In the NEET case, the Union education minister first called the allegations of paper leaks ‘motivated’. Later, when the news of the arrests in Bihar, Gujarat, and Haryana started pouring in, he retracted his statements by saying “some irregularities had come to light” at “some specific locations”. The UGC-NET 2024 exams were cancelled a day after it was conducted. I.N.D.I.A. bloc leaders were quick to demand the cancellation of NEET, on similar lines.

It is important to note that out of the 100,000 NEET seats, around 55,000 are in government colleges where they are reserved for the SC, the ST, the OBC, and the EWS categories. The alleged massive rigging in the marks and ranks, which has been pointed out by the aspirants, has increased the cut-off for reserved seats for marginalised students. All this has not happened in a day.

In the past decade, the Modi government has systematically sought to control every sphere of education — be it autonomous institutions like the NCERT, the UGC, the NTA, or even institutions of eminence such as the IIT, the IIM, and the FTII, among others. Universities, which are the fountainheads of idealism and dissent have been turned into mini-war zones where freedom of academics, researchers, and students have been mercilessly clamped upon by appointing mediocre acolytes from the Sangh parivar. No Indian university figures in the top 100 universities, globally.

The BJP, in its arrogance and hurry to control every institution, sought to colourise education, and then privatise it. Privatisation is good if done under proper regulation, but the BJP even failed to implement that. Private universities, often owned by either politicians or big corporations, are forced to navigate the hurdles of excessive regulation by the State. Manufacturers are not able to hire skilled workers. About 83 per cent of those skilled under the much-hyped ‘Skill India Mission’ did not get any placement. Even though almost 10 million graduates pass out every year, 42.3 per cent of graduates under the age of 25 years remain unemployed.

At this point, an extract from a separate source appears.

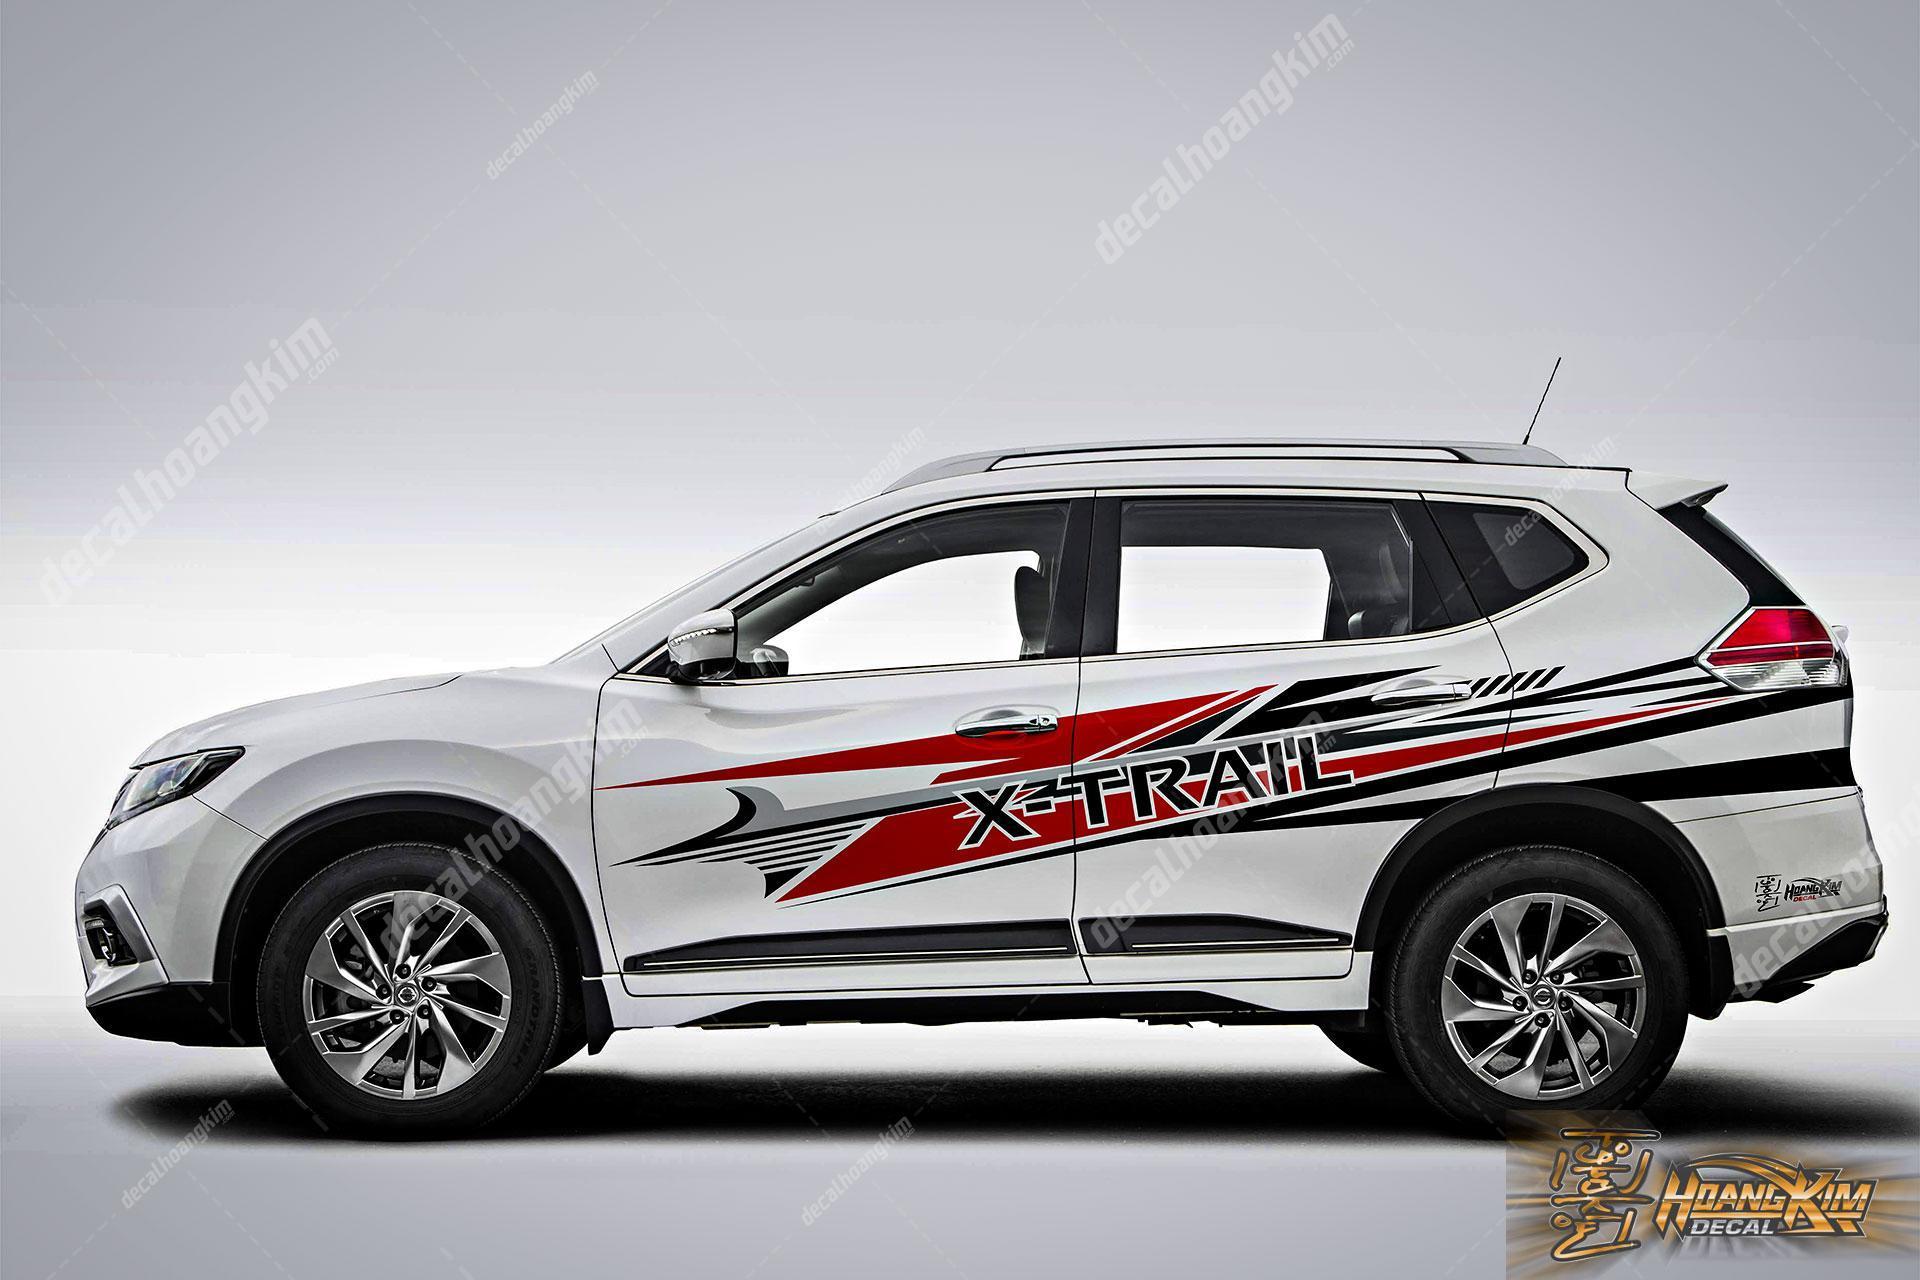 https://hoangkims5.blob.core.windows.net/otohoangkimzag152hg18/Tem-xe-Nissan-X-Trail-NXT003.jpg

The 2024 Lok Sabha elections did not make a government, it made an Opposition. Now that the BJP’s political capital has severely diminished, its insecurity to control institutions must also be curtailed. The I.N.D.I.A. bloc, led by the Congress, has a significant part to play. Only then will our education and recruitment systems witness meaningful reforms.

(Rachit Seth is founder, Policy Briefcase, and works with the Congress.)

Disclaimer: The views expressed above are the author's own. They do not necessarily reflect the views of DH.